Für die Tscharnutters ist die Feuerwehr weit mehr als ein Hobby: „Das ist eine Institution, die überhaupt nicht wegzudenken ist. Es macht Freude, anderen zu helfen – ob bei Bränden, Unfällen, Tierbergungen oder Katastropheneinsätzen.“ Besonders in Erinnerung ist dem aktiven Feuerwehrmann die Unwetterkatastrophe in Treffen geblieben, bei der er selbst im Einsatz war. Belastend kann es trotzdem sein, sagt er: Einsätze in der Nacht oder auch schwierige Situationen mit verzweifelten oder unter Schock stehenden Menschen. „Aber wenn man sieht, dass man Menschen helfen konnte, ein Lächeln zurückbekommt oder ein Haus retten kann, dann weiß man, warum man es macht.“
Jugend mit starkem Zusammenhalt
Ein Herzensanliegen ist ihm auch die Jugendarbeit. Die Feuerwehrjugend gibt es in Treffling seit 2023, doch der Zusammenhalt sei schon jetzt außergewöhnlich. „Das Schöne ist, dass bei uns Zehnjährige und Fünfzehnjährige gemeinsam arbeiten und sich gegenseitig respektieren. So etwas gibt es in der Schule selten“, betont Tscharnutter. Disziplin, Teamgeist und die Kameradschaft stehen immer im Vordergrund – und es sei ein „sinnvolles Hobby“, bei dem die Kinder viel fürs Leben lernen. Durch seine Aufgaben in der Feuerwehr komme er „auf sicher 100 Übungen im Jahr, aber ich mache es gerne und aus Leidenschaft, genauso wie meine Familie“.

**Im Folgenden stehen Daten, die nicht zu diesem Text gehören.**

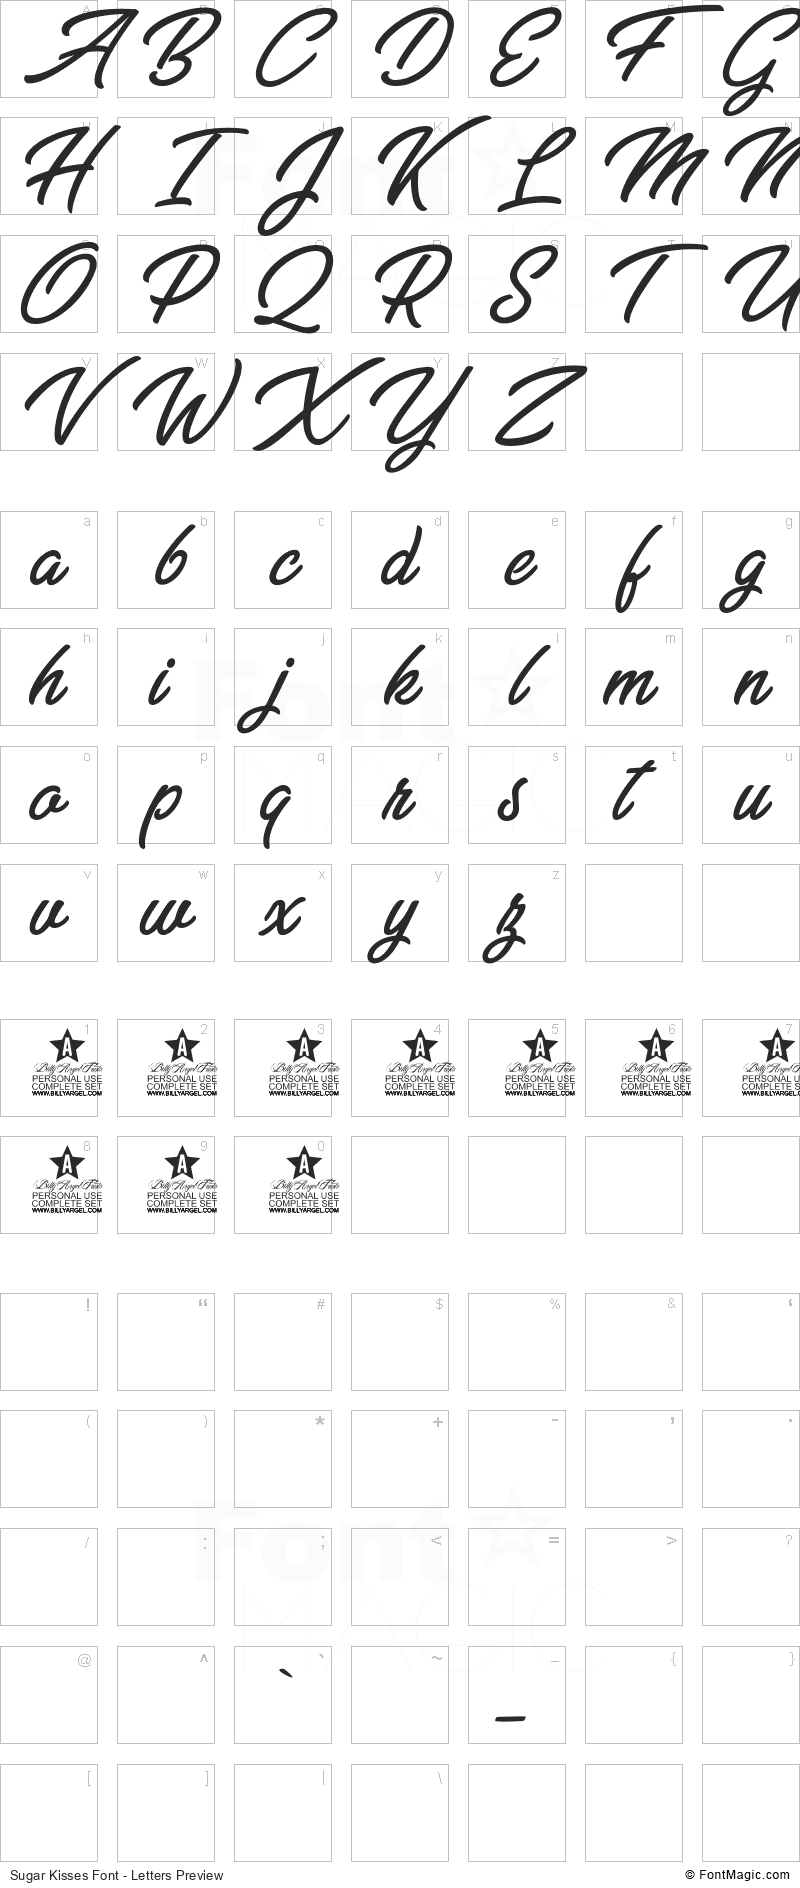 Sugar Kisses Font - All Latters Preview Chart

Die Begeisterung von Vater und Sohn an die Kinder haben sie beide nie mit Druck weitergegeben, sondern durch Vorleben: „Jeder muss selbst entscheiden, ob er sich ehrenamtlich engagieren will oder nicht. Aber wenn man mitmacht, dann soll man auch wirklich mit Überzeugung dabei sein und sich voll und ganz einbringen.“ Denn: der Eintritt und Austritt sind freiwillig, dazwischen liegt die Pflicht. Dass heute alle Kinder aktiv sind, macht den stellvertretenden Chef der Feuerwehrjugend stolz: „Da haben mein Vater damals schon und ich heute anscheinend nicht viel falsch gemacht.“
Zur Person
Die Familie Tscharnutter aus Treffling in Seeboden engagiert sich ehrenamtlich bei der Freiwilligen Feuerwehr: Jakob Tscharnutter war jahrzehntelang als Zugskommandant und Kommandant-Stellvertreter aktiv, seine Frau Liselotte ist Patin des ersten großen Löschfahrzeugs. Sohn Jakob ist seit 1988 Mitglied, Atemschutzträger mit goldenem Leistungsabzeichen, ehemaliger Kameradschaftsführer und heute Jugendbeauftragter-Stellvertreter. Ehefrau Heidi ist Patin des Mannschaftstransportfahrzeugs, die Töchter Perin und Juliana sind bereits im Aktivstand und begeisterte Wettkämpferinnen. Sohn Jakob ist bei der Jugendfeuerwehr und erfolgreich bei den Leistungsbewerben.